Welcome back to Weeping Willow! This is an alternate ending about what might have happened at the end of Book #1 if something very evil had escaped from Violet's locket when Trey pried it open on the fateful drive toward White Ridge Lake. I wrote it as part of a campaign in support of Fox TV's The Exorcist, a new TV show starring Geena Davis,  Alan Ruck, Brianne Howey, and Hannah Kasulka. The entire book on which The Exorcist was based is available on the @TheExorcistFOX profile - read it if you can't get enough horror! 

I hope you enjoy this alternate ending!

It was pretty odd, returning to town as a convicted criminal at Christmastime.

There was no way that Judge Roberts could have known when he issued my sentence that my actions were perfectly justified on that chilly day back in November when my boyfriend and I assaulted a fellow student at Weeping Willow High and were chased across Shawano County by police. Using "but we were breaking an evil curse" as your defense in a court of law doesn't go over so well. If I'd dared to explain my actions with the truth, the judge would have requested that I have my head examined. So I hadn't even bothered being honest with Mr. Whaley, the pot-bellied lawyer that my mother had hired to defend me. My parents were worried enough about my mental health as it was.

Trey—my boyfriend and partner in crime—and I had agreed to allow everyone in town to think of us as juvenile delinquents. There was simply no way we were ever going to convince a courtroom full of stodgy grown-ups that we had been taking drastic actions to save the life of our friend Mischa. Even though two girls from our high school had already died earlier that fall exactly as Violet Simmons—the new girl at our high school from Chicago—had predicted they would, no one was going to believe us. If there was a surefire way to make adults suspect that you were under the influence of drugs or totally losing it, blabbing on and on about ghosts and evil spirits was it.

Now, five weeks later, I had been granted a vacation pass from the Dearborn School for Girls to visit my mom back at home in Wisconsin for the holiday. Behind the wheel of her car, Mom was uncharacteristically quiet. Still mad at me, I assumed, which was fair enough. The trouble I'd gotten myself into trying to undo the curse that Violet had cast upon me and my friends at Olivia Richmond's Sweet Sixteen party in September had cost my mom a ton of money in legal fees. Not to mention the fact that I'd probably destroyed my chance of ever getting into a good college.

"What do you think about a pizza from Federico's for lunch?" Mom asked when we reached the border between Michigan and Wisconsin.

My stomach rumbled at the mere mention of real food. I'd been subsisting on whole wheat toast and iceberg lettuce for the last five weeks because everything else in the Dearborn cafeteria was inedible. "Are you serious?" I asked.

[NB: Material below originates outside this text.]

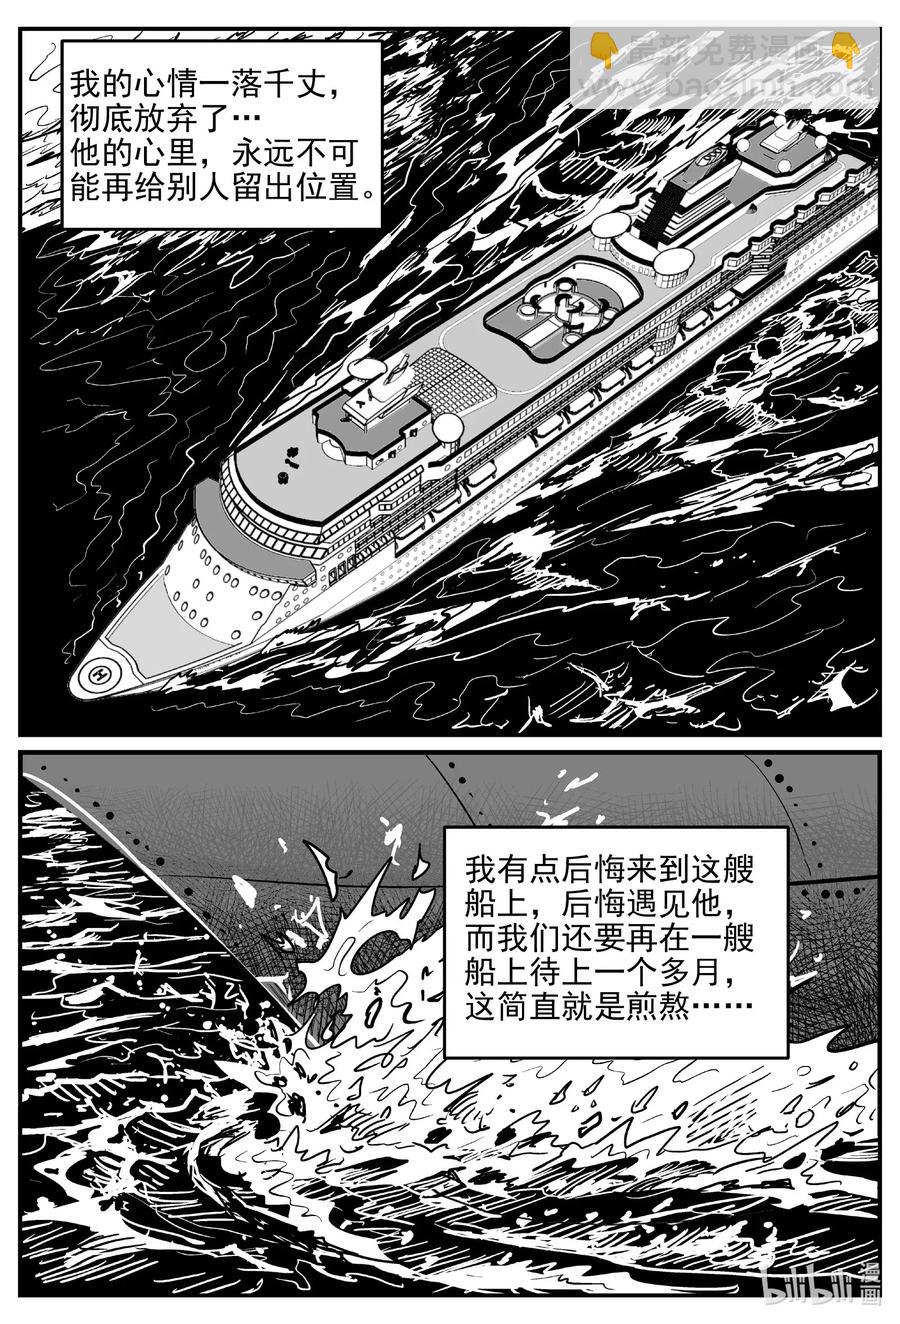 小智怪談 - 519 幽靈船 - 1

"Sure," Mom said. "We can order it now and pick it up on the way home." Pizza was a peace offering. It was her way of assuring me that she didn't intend to spend the next ten days making me feel guilty. This simple gesture made me feel even guiltier; my mom was the best, and in no way did she deserve the hell I'd put her through over the course of the last few months.

Trey and I had been sent to separate boarding schools as punishment, where we weren't allowed to exchange letters or emails. Not being allowed to communicate freely with Trey was the worst part of being sent away from home—even worse than the lack of privacy, being called "crazy girl" by my classmates (word gets around fast in boarding school about why you ended up there), and missing my friends in Weeping Willow. We were permitted ten-minute phone calls on pay phones every Sunday night, during which we couldn't discuss any of the unbelievable things we'd witnessed earlier that fall since both of us were usually receiving nasty side-eyes from our classmates urging us to hurry up.